In recent years, countries around the world, including China, have made cyberspace governance an important part of national governance. The early detection and processing of bad images provide favorable guarantees for cyberspace governance. Researchers from various countries have conducted extensive theoretical and technical research on the recognition and classification of bad images, among which the most representative concerns machine learning methods, especially deep learning methods, which can efficiently and accurately identify bad images.

2.1. Method Based on Traditional Machine Learning

Machine learning has been widely applied in various fields. Machine learning also plays an important role in the field of bad image classification, including in relation to K-neighbor algorithms [20], SVM algorithms [21], and Bayesian algorithms [22]. Bad images include pornographic and violent images. Pornographic images often contain a lot of nudity-related information. Based on this feature, Jones et al. [3] established a color model in the RGB color space and determined whether a region in an image was a skin area based on the brightness of each channel of pixel color. On this basis, Lin et al. [4] input the correlation between skin regions and non-skin regions into an SVM, which improved the accuracy of pornographic image recognition. In [5,6], researchers found that RGB color space is greatly affected by light, and using YCbCr color space can improve the clustering degree of skin color. However, such methods will misjudge normal images, such as faces and swimsuits, as bad images, so there is still room for improvement. Using the unique textures and shapes of sensitive parts of the human body, Zhao et al. [7] proposed the fusion of texture and SIFT features to detect pornographic images, thereby improving the reliability of detection.

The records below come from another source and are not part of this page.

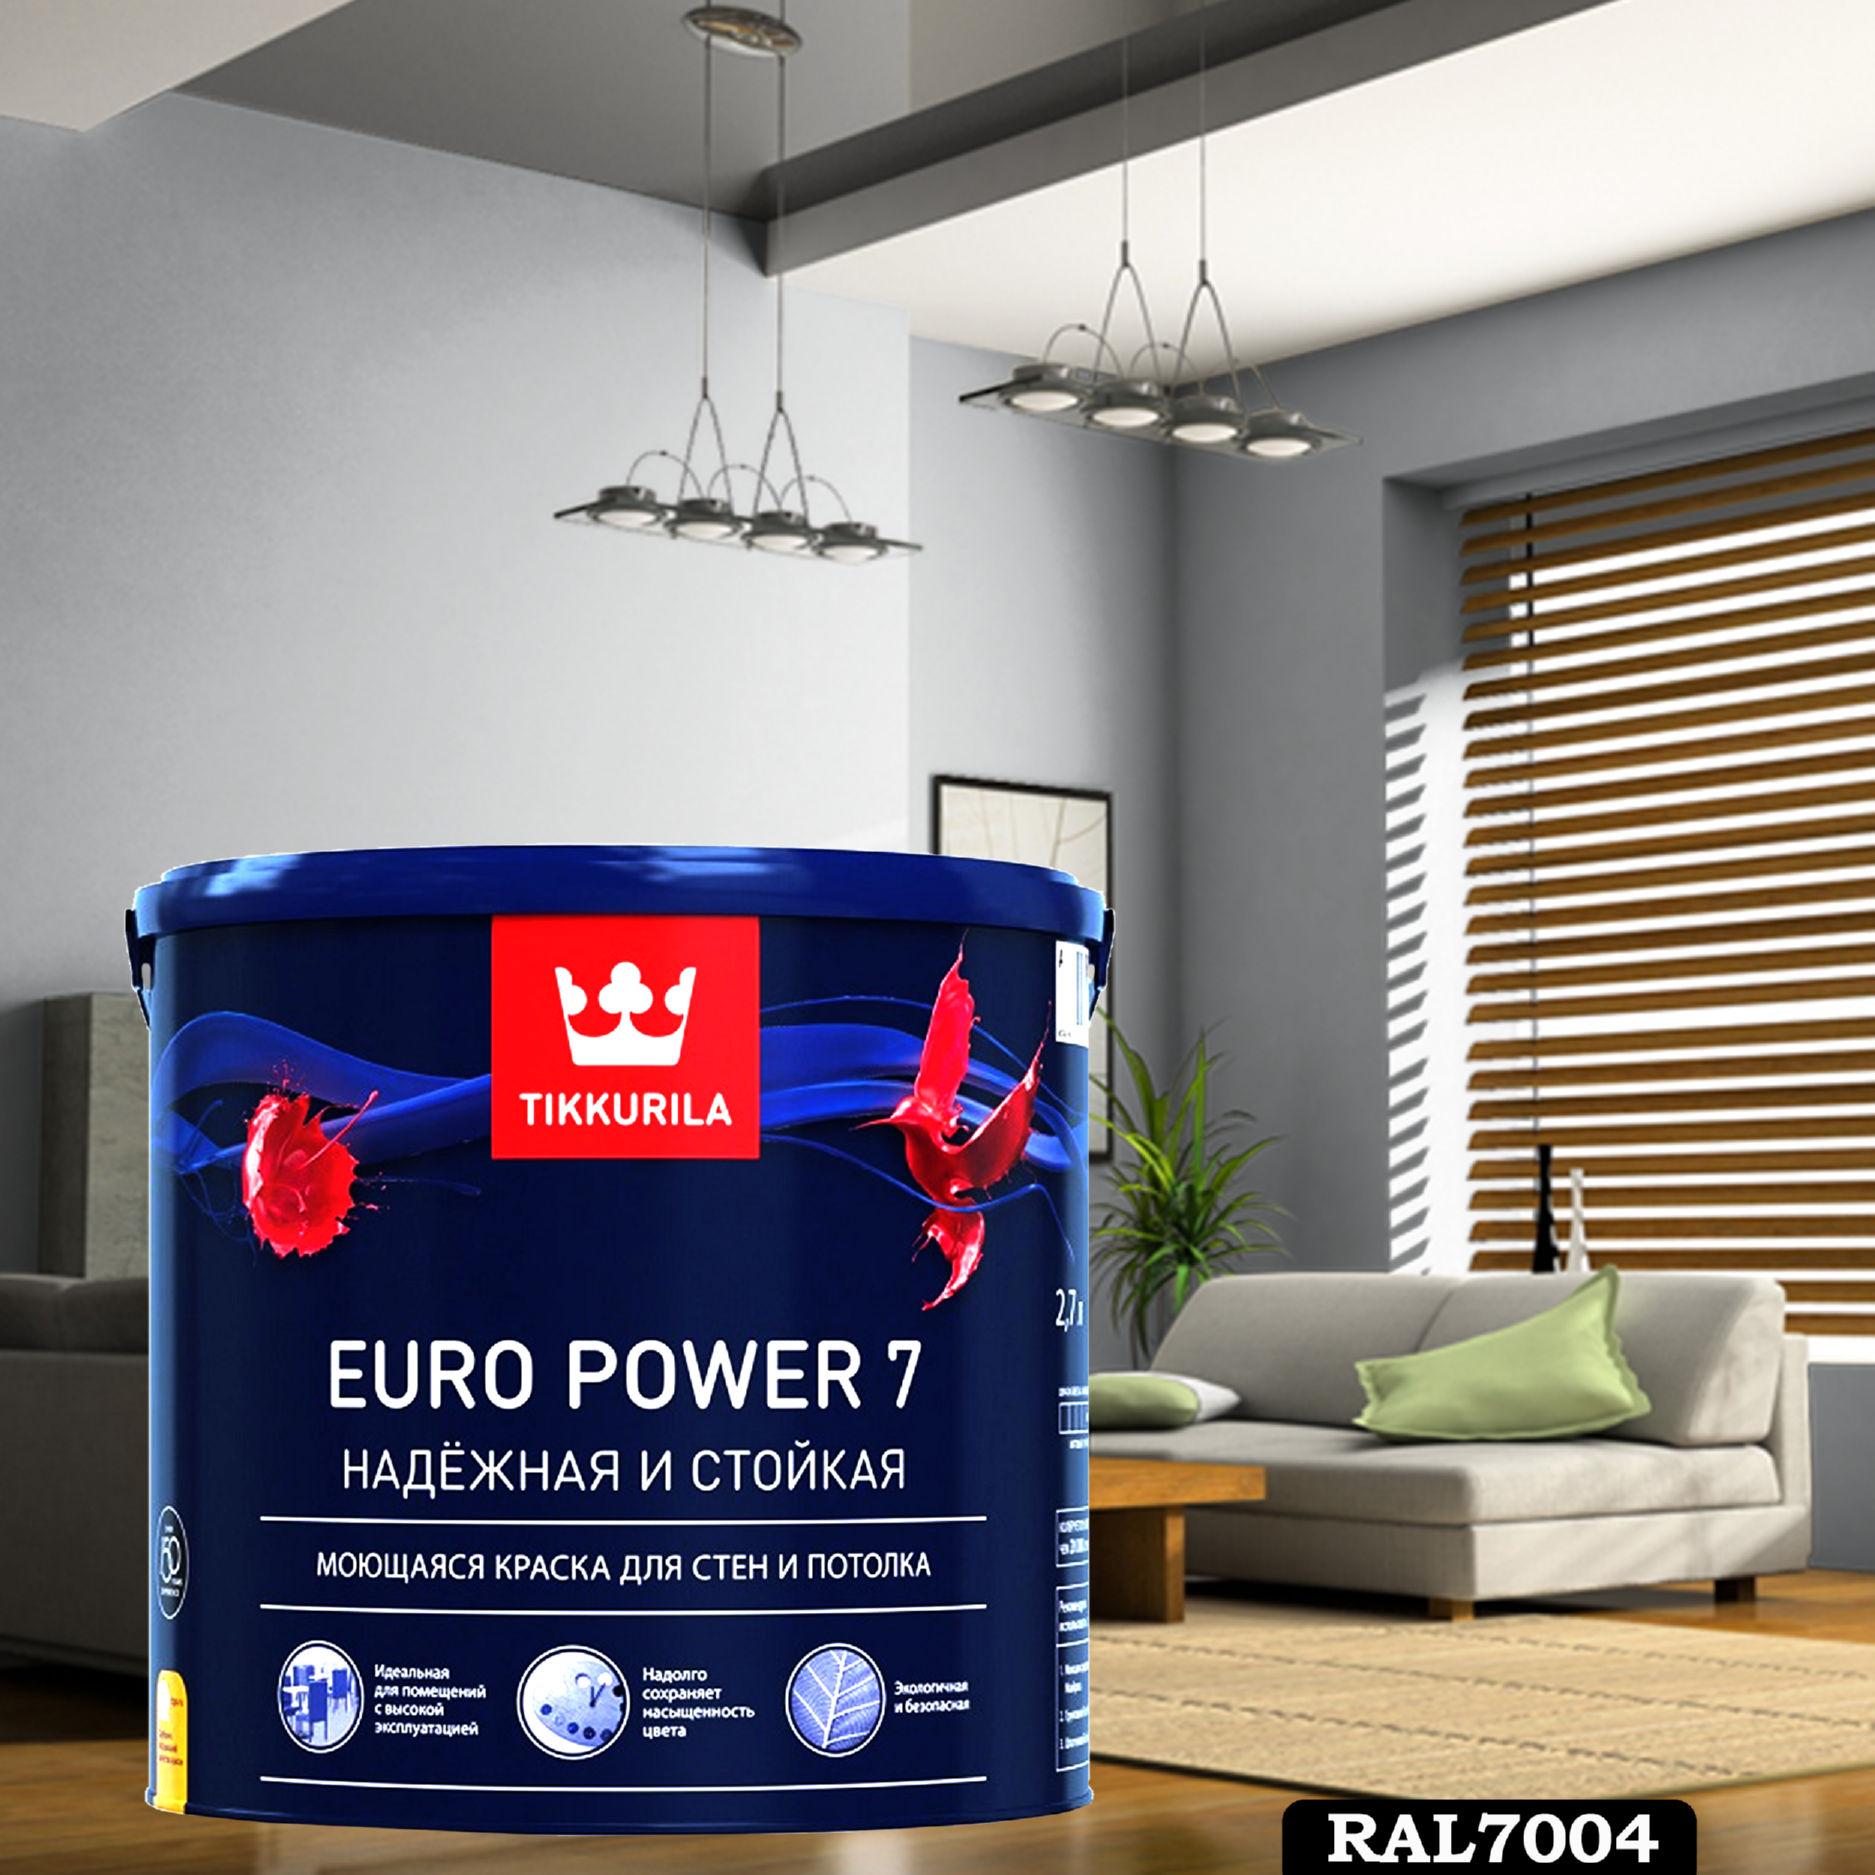 Фото 5 - Краска TIKKURILA Euro Power 7,  RAL 7004 Серый-сигнальный, латексная моющаяся матовая интерьерная, 9 л.
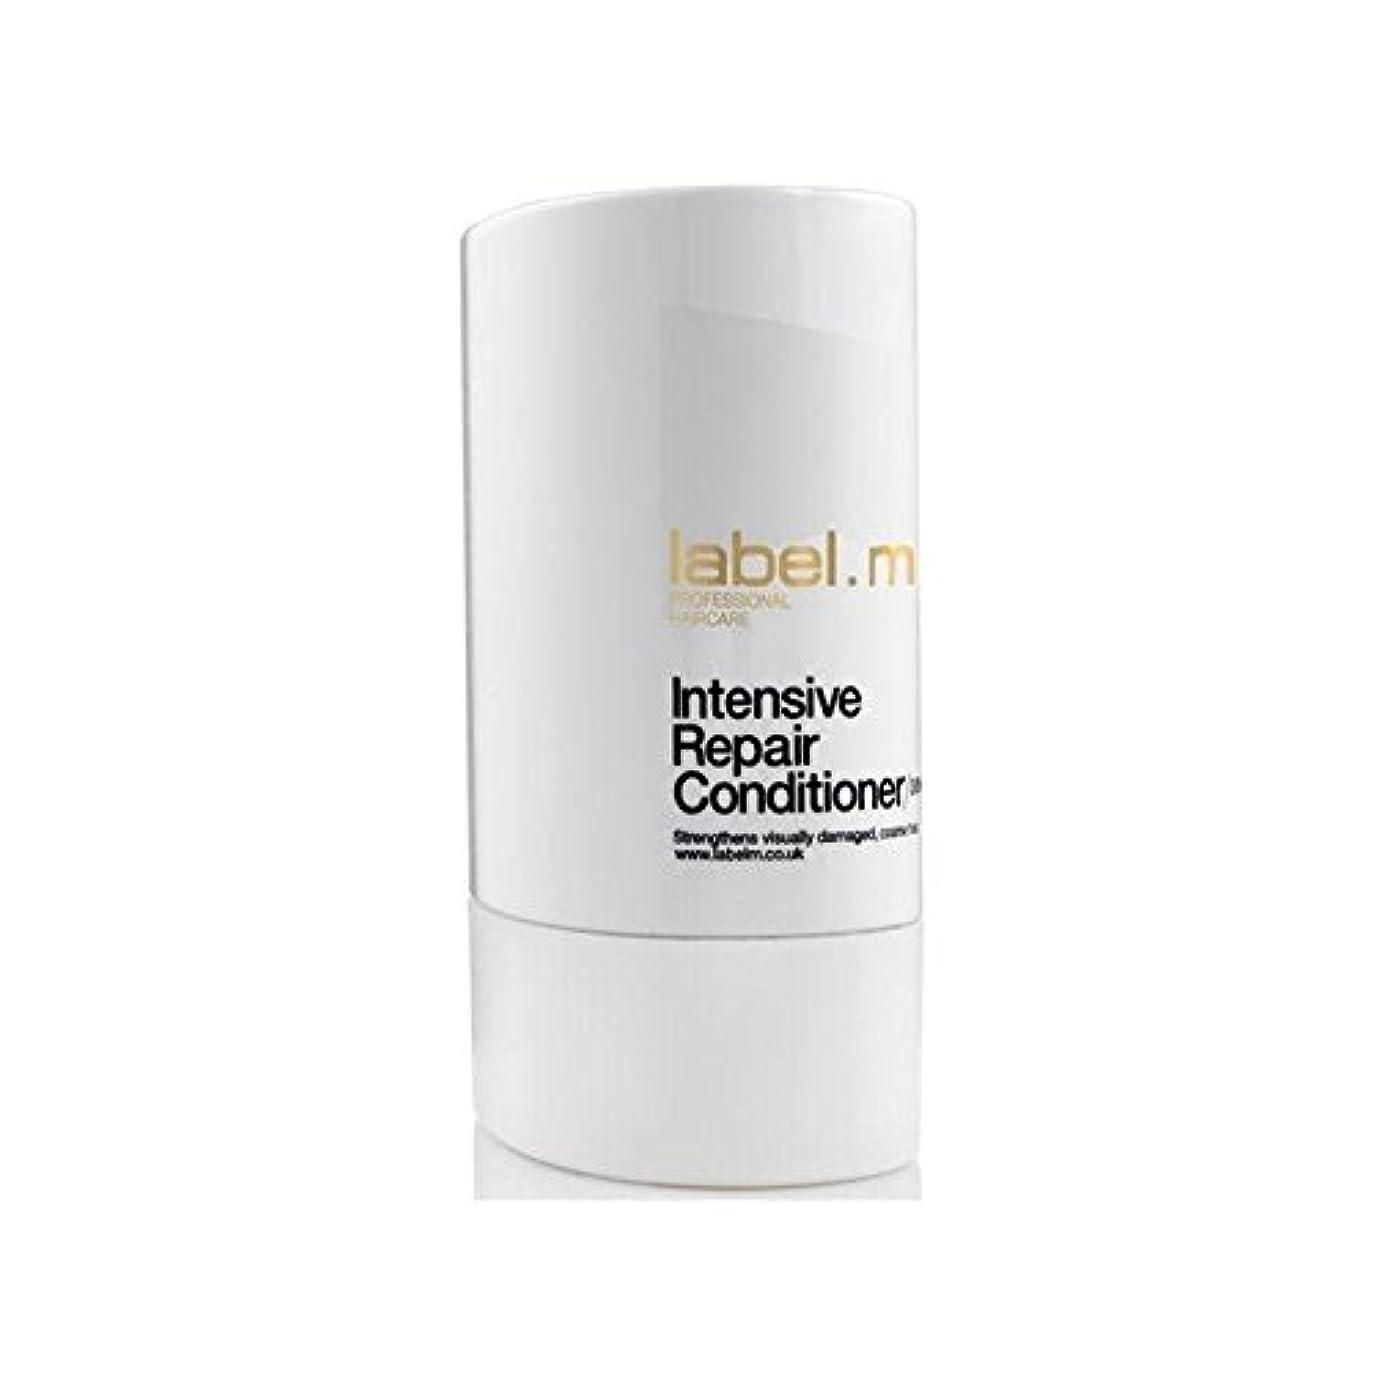 スクリーチナンセンス近似Label.M Intensive Repair Conditioner (300ml) - .の集中リペアコンディショナー(300ミリリットル) [並行輸入品]
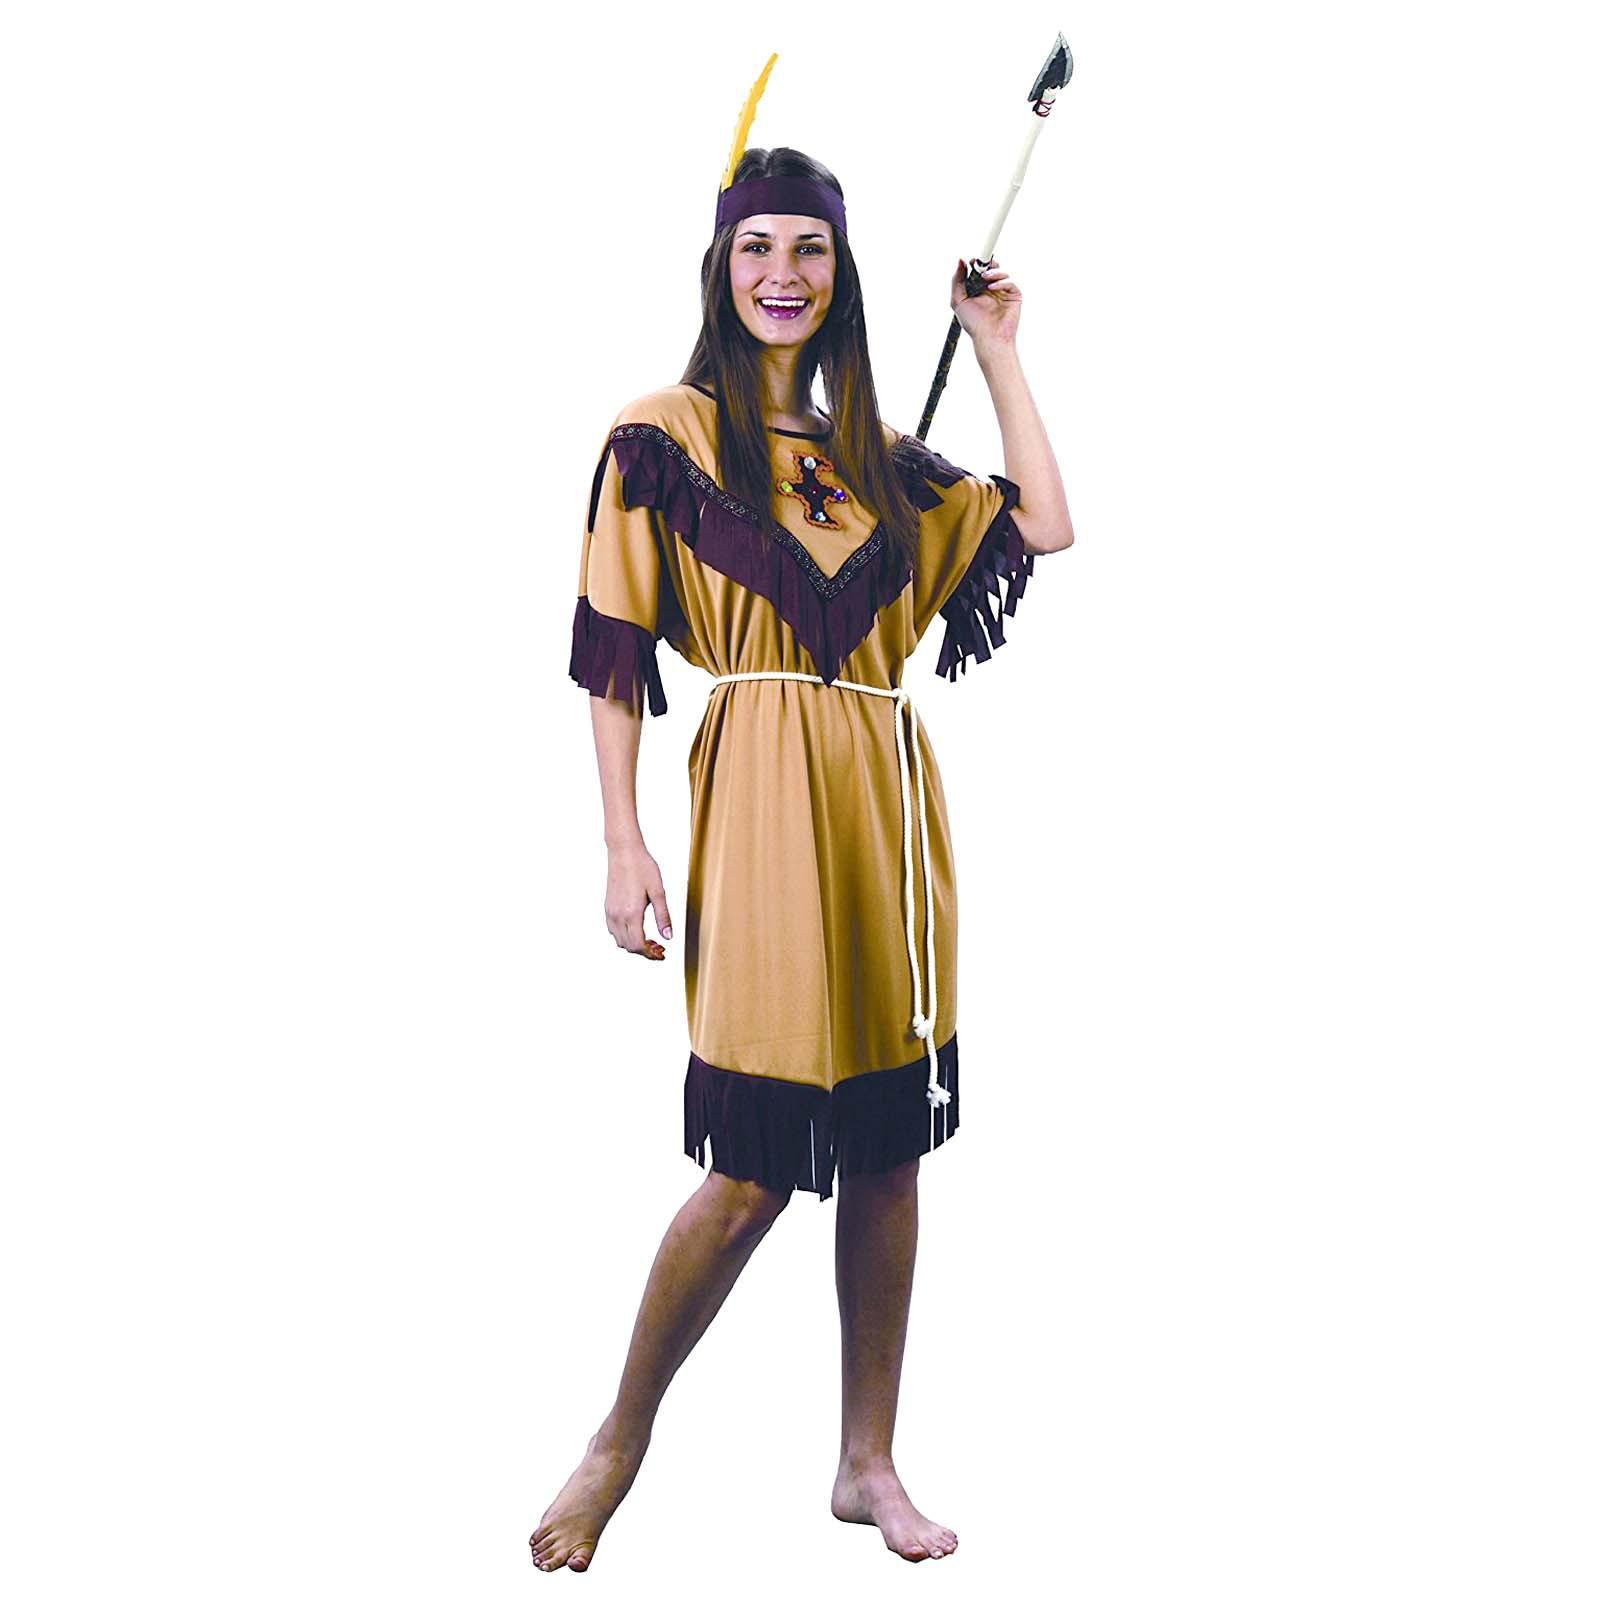 Da Indiana Vestito Carnevale Donna Abito Di Costume Travestimento m8vNn0w
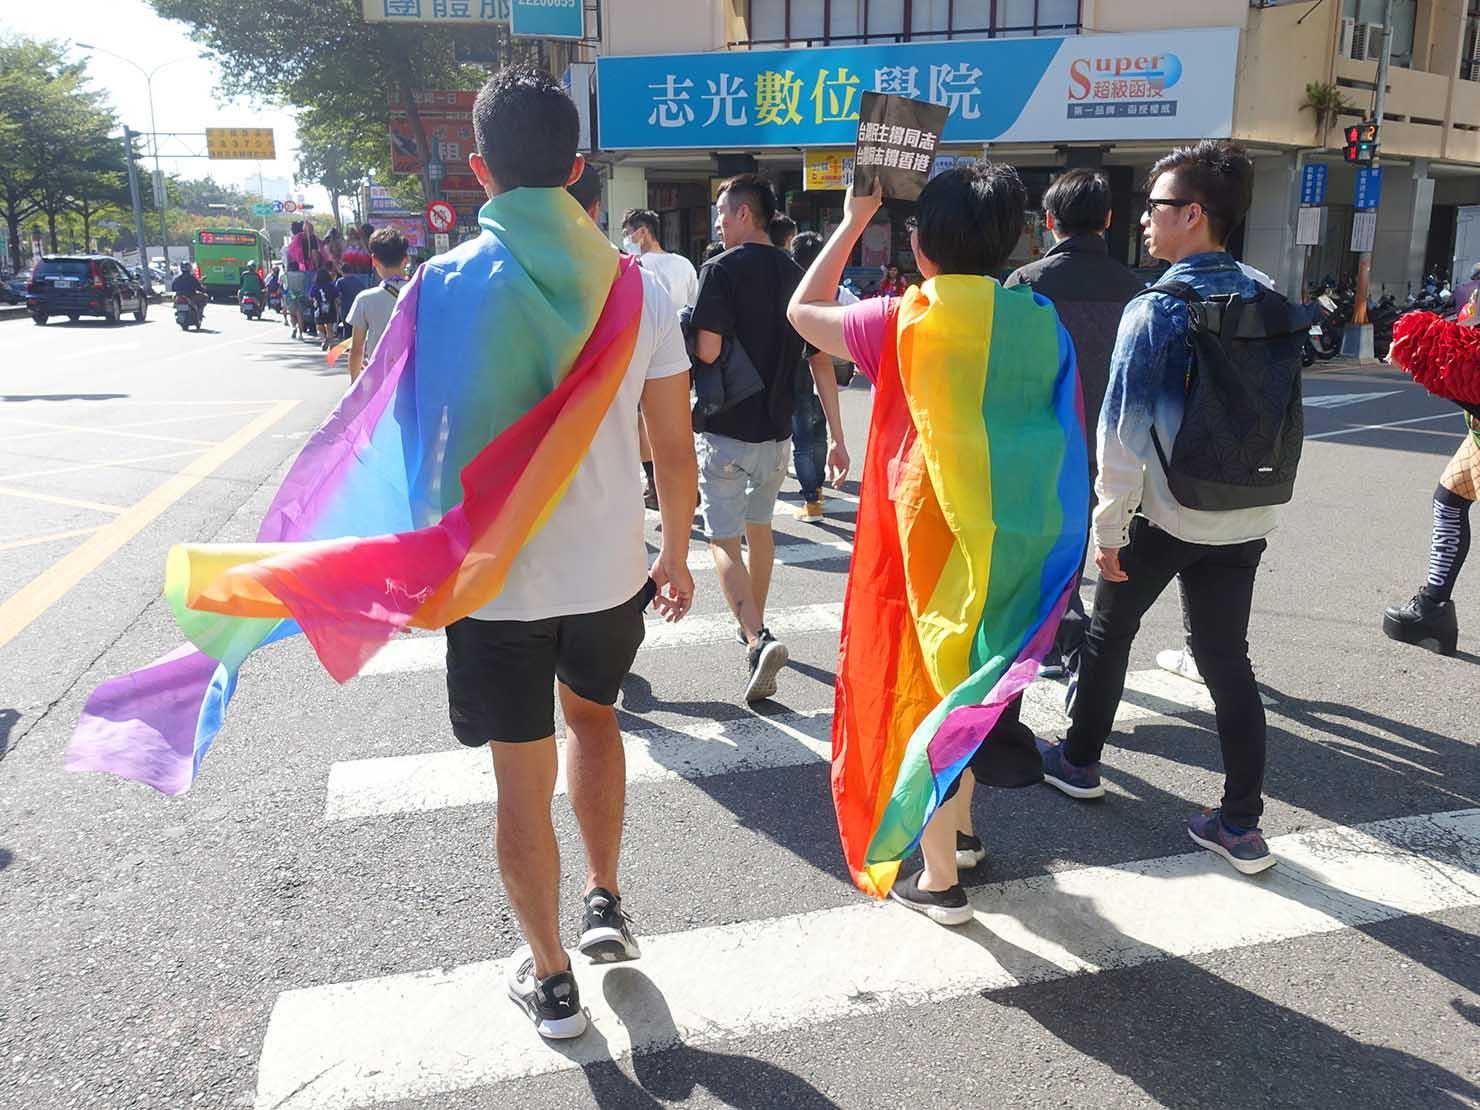 台中同志遊行(台中LGBTプライド)2019のパレードをレインボーフラッグを纏って歩く参加者

In [8], the researchers proposed a texture-based BoWV model for bad image filtering. Lv et al. [9] improved the BoVW model by fusing high-level semantic features to filter pornographic images. However, the contours and textures of sensitive parts of the human body are not unique. The false positive rate of methods based on contours and textures is not ideal. In addition, violent pictures are mostly bloody. Yan et al. [10] proposed a region-based blood color detection algorithm that extracts color and texture features from the bloody regions of an image and then inputs them into the SVM classifier. This method does not work well for image recognition applied to images with a large area of red scenes such as red flags or red paint.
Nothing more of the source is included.